关键词: 聚酰亚胺, 松弛, 椭圆偏振光谱, 热膨胀, 纳米受限

Polyimide (PI) films are widely used in semiconductor packaging due to their excellent properties, including low dielectric constant, high temperature resistance, and enhanced thermal and chemical stability. In recent decades, the development of modern nanotechnology has led to devices being downsized to the nanoscale, and packaging these nanodevices would require ultrathin films of PI. Understanding the thermal transition and molecular relaxation of the PI ultrathin films is essential for high-quality microelectronic packaging. Although the dynamics of bulk PI have been extensively studied using techniques such as broadband dielectric spectroscopy (BDS) and dynamic mechanical analysis (DMA), the impact of reduced film thickness on these dynamics remains unclear. In this study, we used temperature-variable spectroscopic ellipsometry to examine the thermal expansion and molecular relaxation of PI films as thin as 6 nm, and concurrently, the bulk dynamics of PI were investigated using BDS and DMA for comparison purposes. The PI films were prepared by the heat imidization of poly(amide acid) films, which were polymerized using biphenyltetracarboxylic diandhydride (BPDA) and 4,4'-oxydianiline (ODA). In 300-nm-thick films, we observed the α-relaxation arising from the segmental cooperative rearrangement, and the β-relaxation originating from phenyl ring motion at approximately 260 ℃ (T_α) and 99 ℃ (T_β), respectively. As the film thickness decreased below 100 nm, T_α decreased. Specifically, T_α decreased by 30 ℃ for 6-nm PI films. In contrast, T_β remains unchanged in the ultrathin films, indicating a thickness-independent β-relaxation. Furthermore, the coefficients of thermal expansion increased remarkably with a reduction in film thickness across various temperature ranges (i.e., T<T_β, T_β<T<T_α, and T>T_α), indicating that ultrathin PI films are more sensitive to temperature variations than bulk samples. Such observation of the thickness-dependent thermal expansivity and T_α of ultrathin PI films provide a deep understanding of the effects of nanoconfinement on the dynamics of polymers with rigid chain backbones, which is also meaningful for designing and fabricating stable nano-devices based on ultrathin PI films.
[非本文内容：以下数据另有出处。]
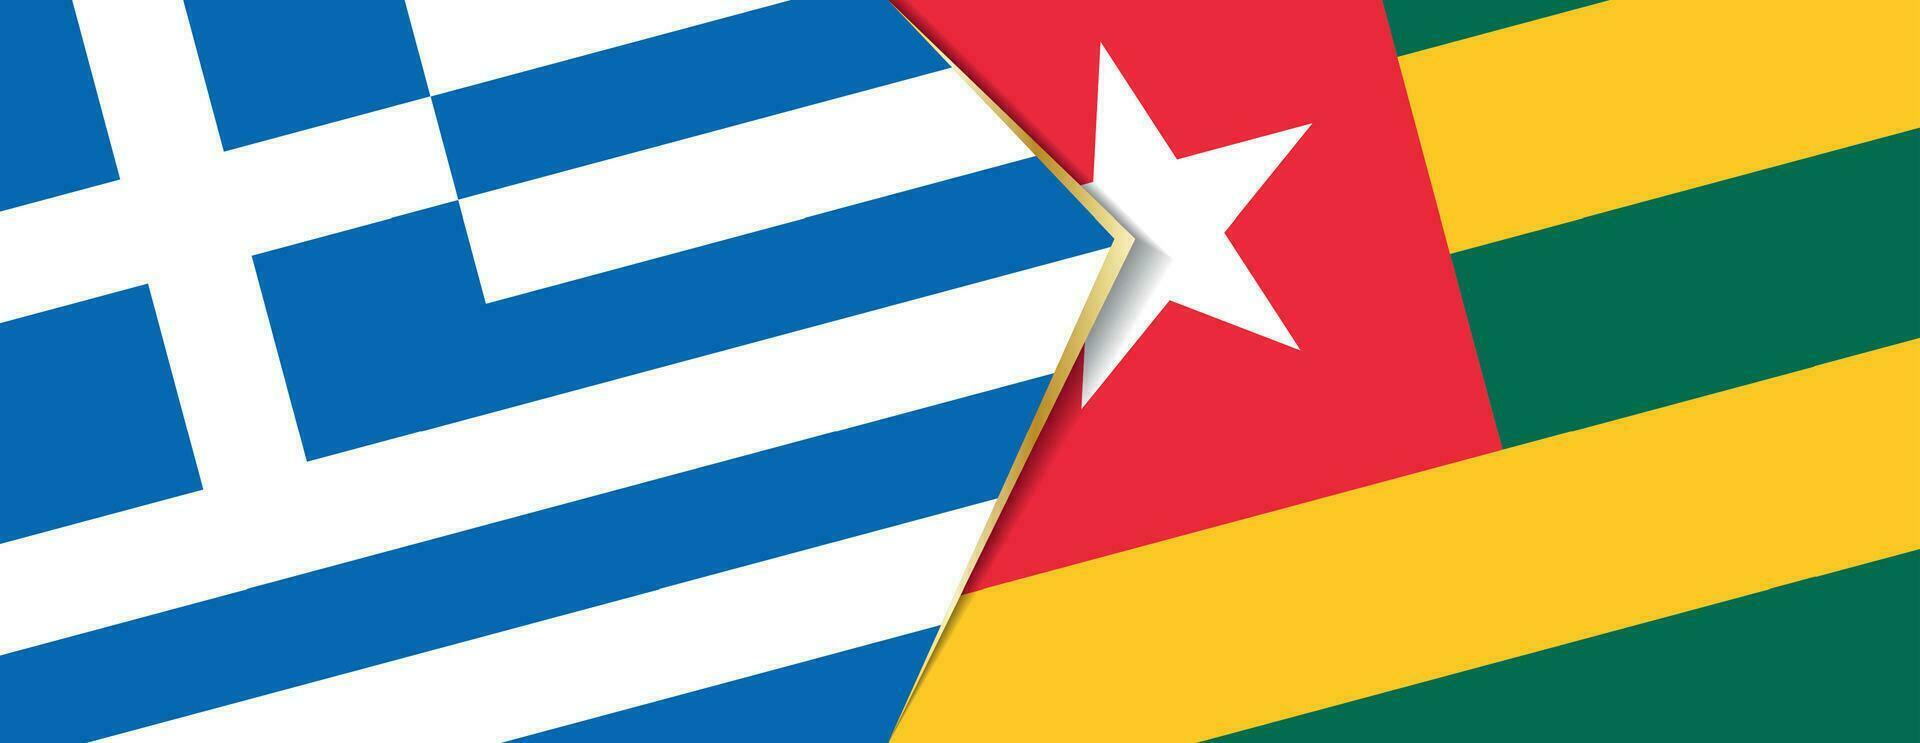 Greece and Togo flags, two vector flags.

Key words: polyimide, relaxation, ellipsometry, thermal expansion, nanoconfinement

引用此文

徐全印, 石欣阳, 罗锦添, 左彪. 纳米聚酰亚胺超薄膜的多级松弛与热转变^★[J]. 化学学报, 2025, 83(9): 1006-1012.

Quanyin Xu, Xinyang Shi, Jintian Luo, Biao Zuo. Relaxation and Thermal Transition of Nanoscale Polyimide Ultrathin Films^★[J]. Acta Chimica Sinica, 2025, 83(9): 1006-1012.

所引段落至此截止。